Your assignment —
Only an exact repeat of the listing, without its images, counts as the answer.

Given information —
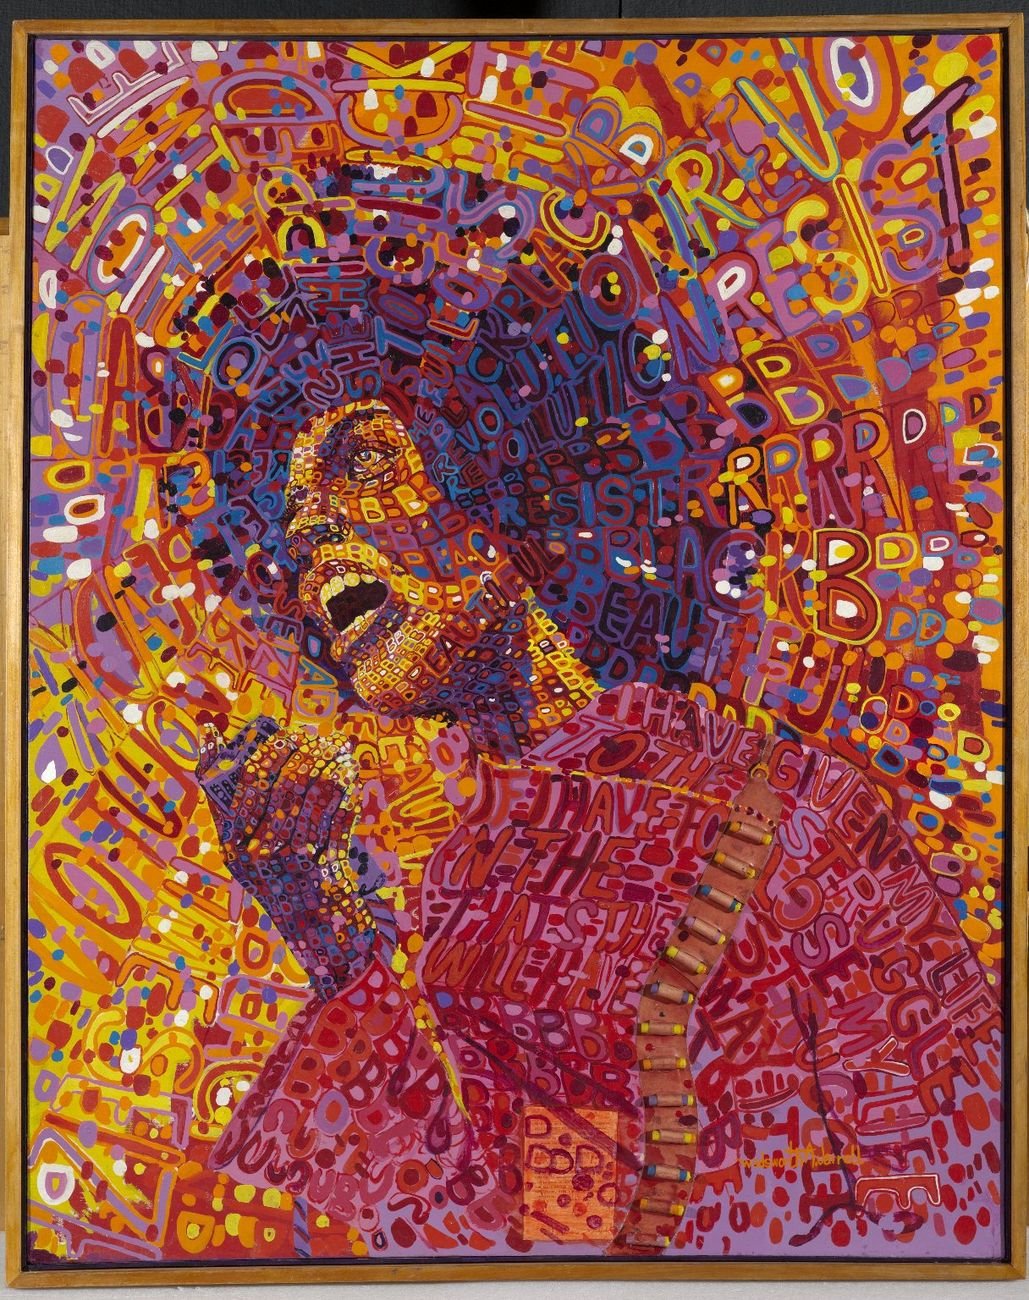 Wadsworth A. Jarrell, Revolutionary (Angela Davis), 1971. Brooklyn Museum, New York © Wadsworth Jarrell
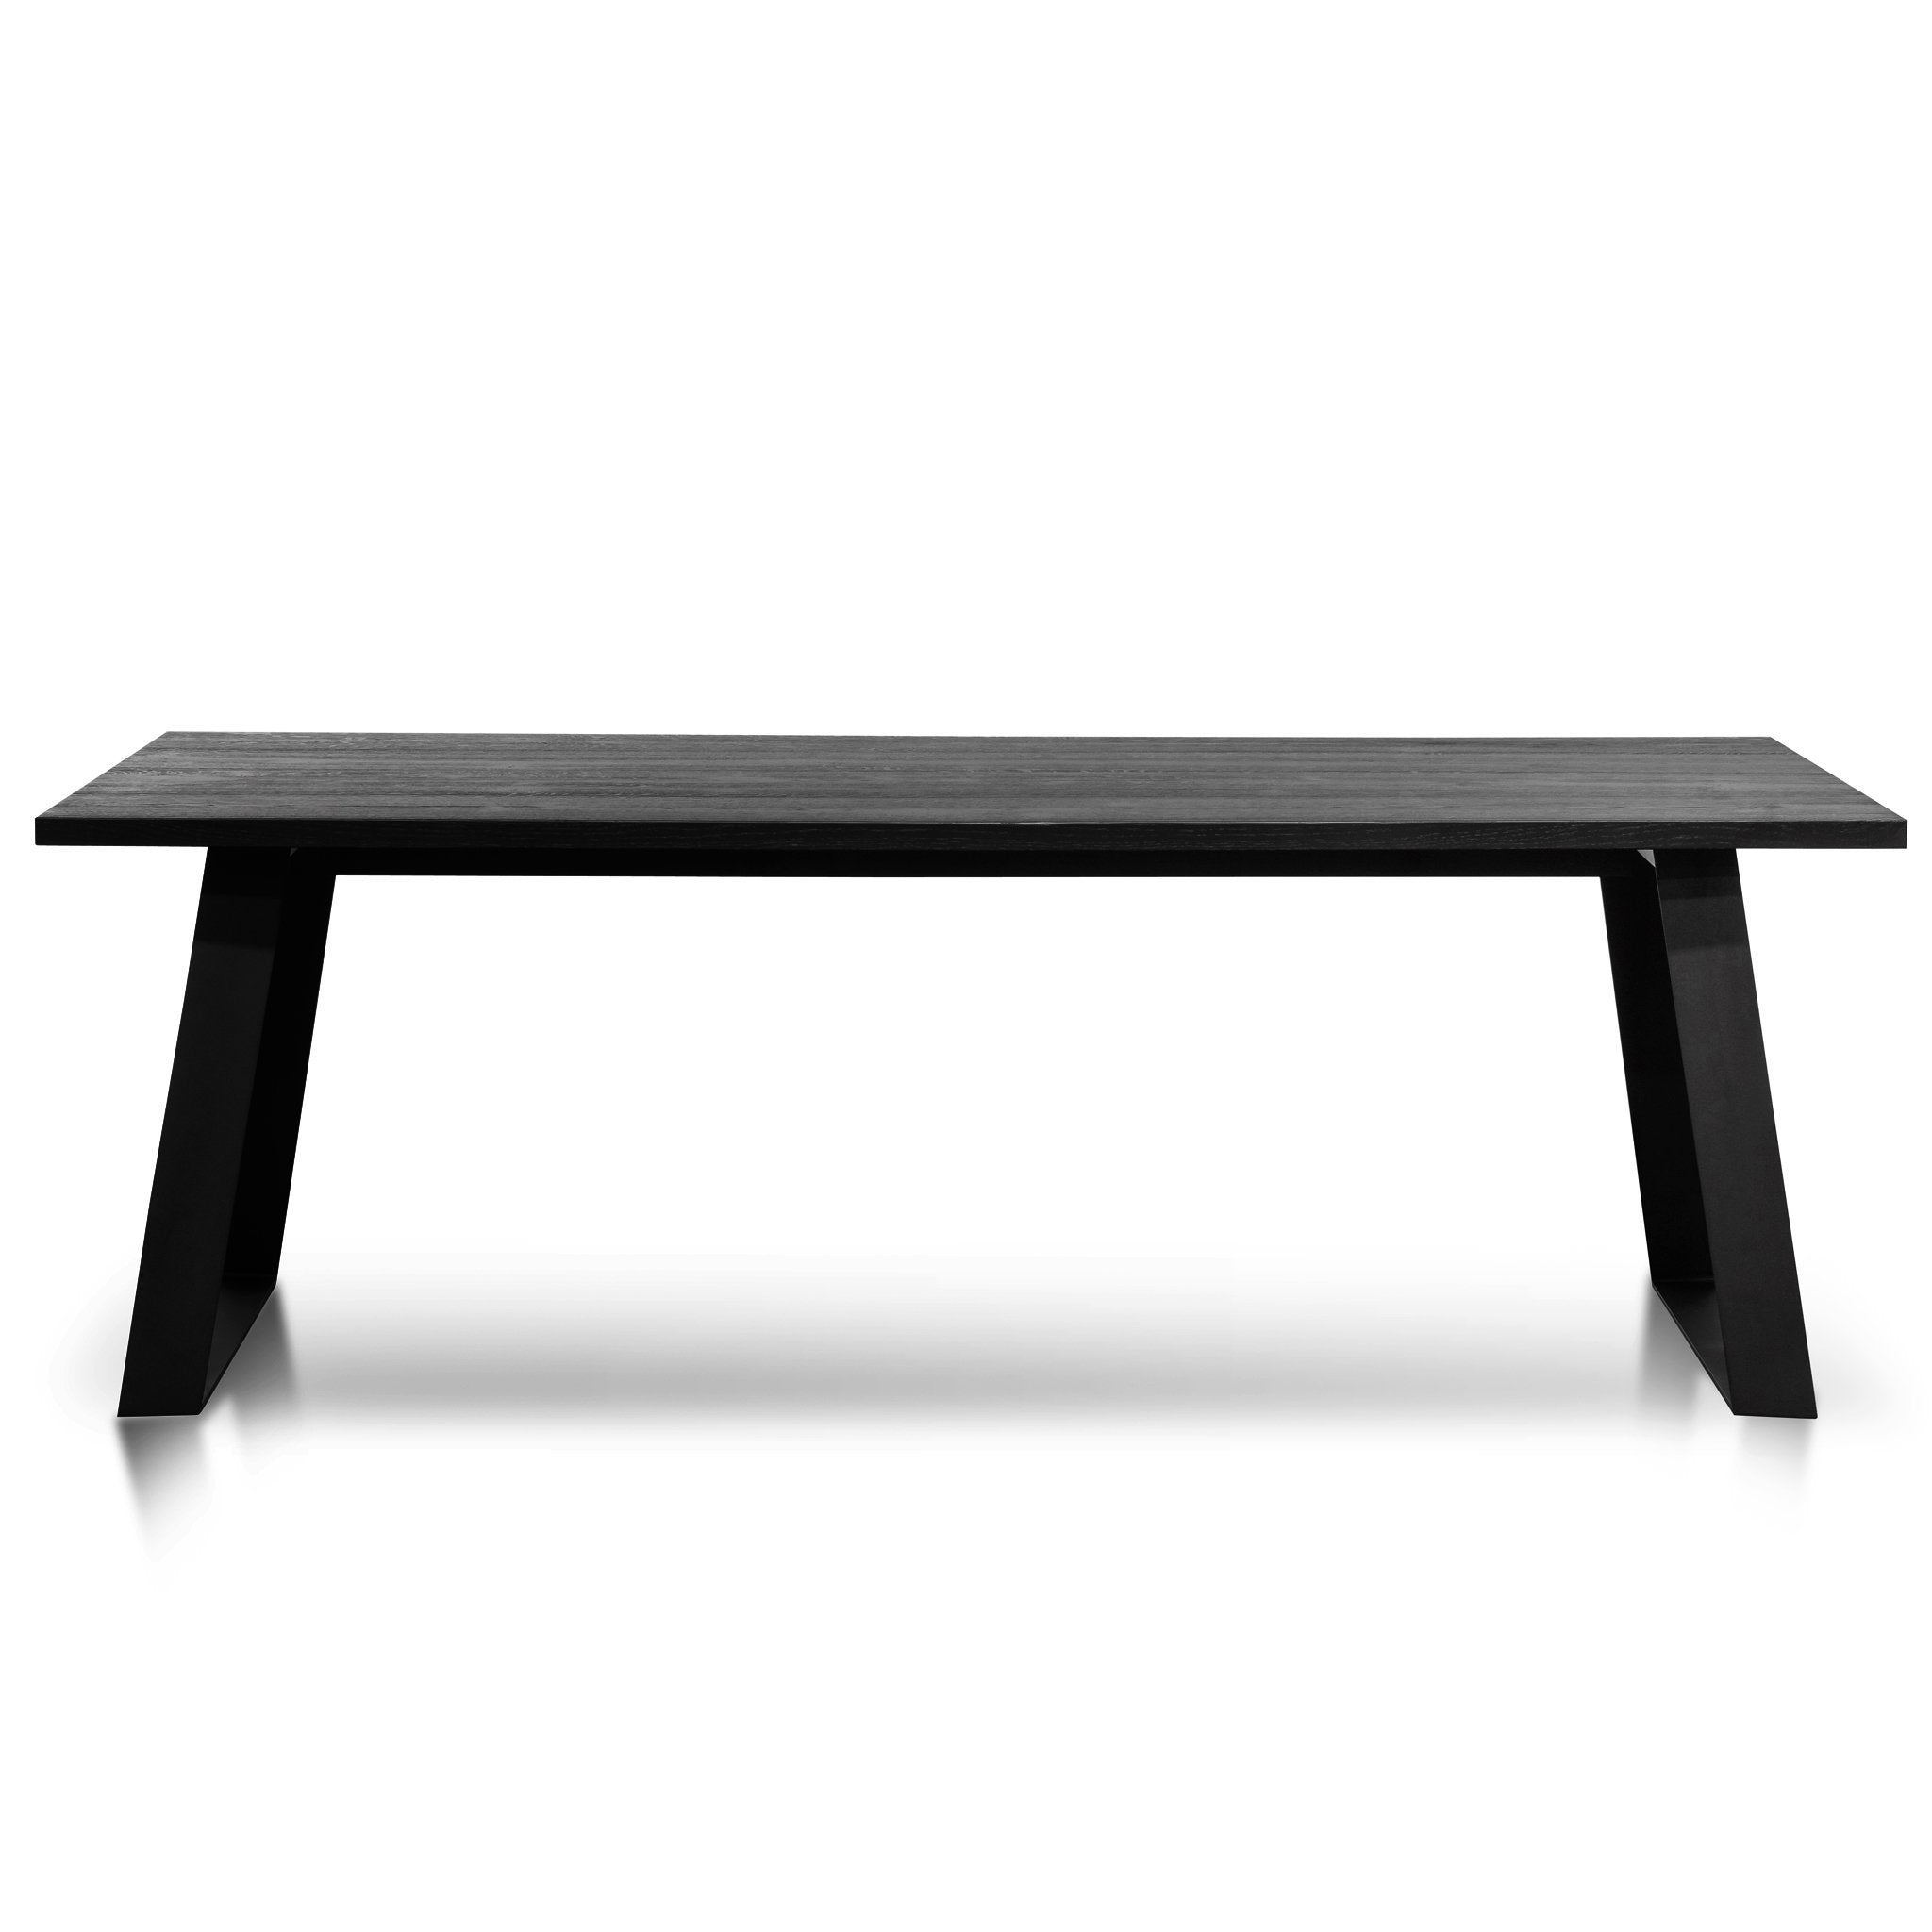 Nile 2.2m Straight Top Dining table - Black Rustic Oak - Metal Legs - Dining Tables
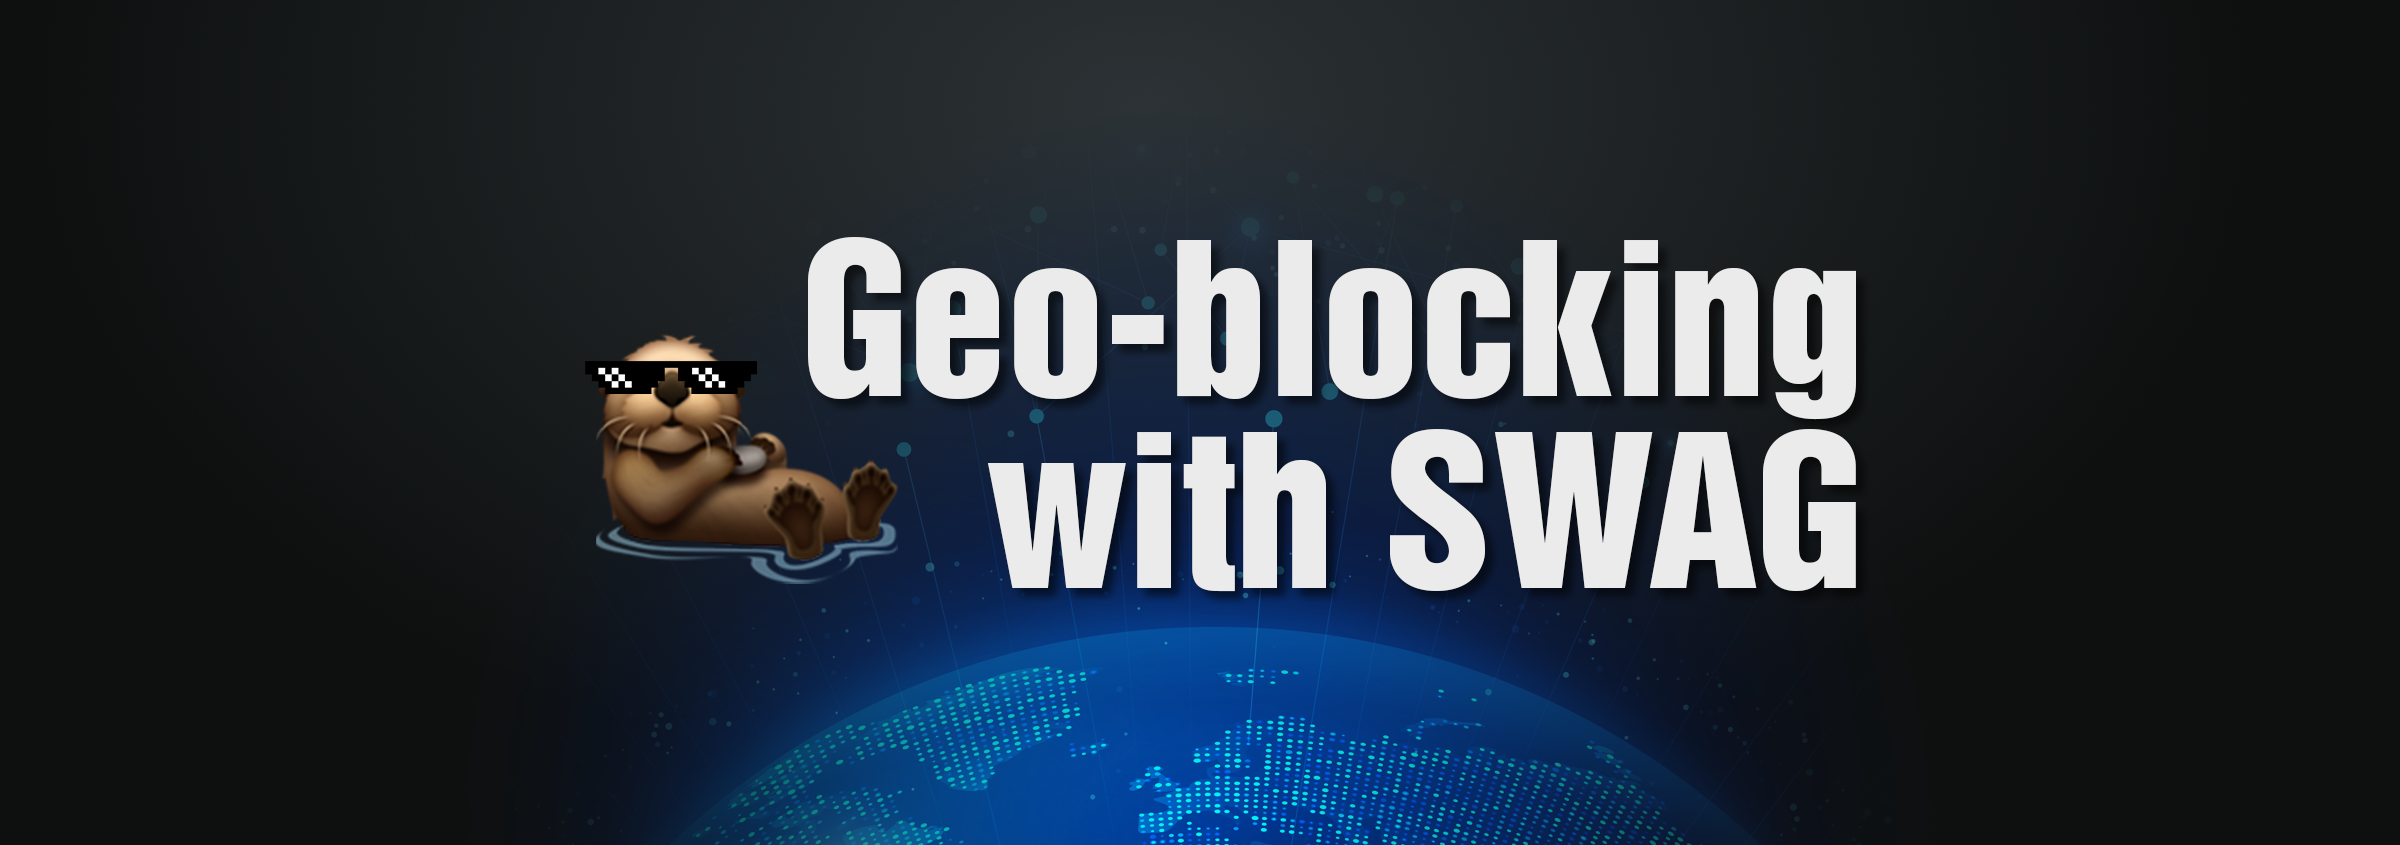 Geo-blocking with SWAG

Response to the exercise —
 Wadsworth A. Jarrell, Revolutionary (Angela Davis), 1971. Brooklyn Museum, New York © Wadsworth Jarrell
 Nile 2.2m Straight Top Dining table - Black Rustic Oak - Metal Legs - Dining Tables
 Geo-blocking with SWAG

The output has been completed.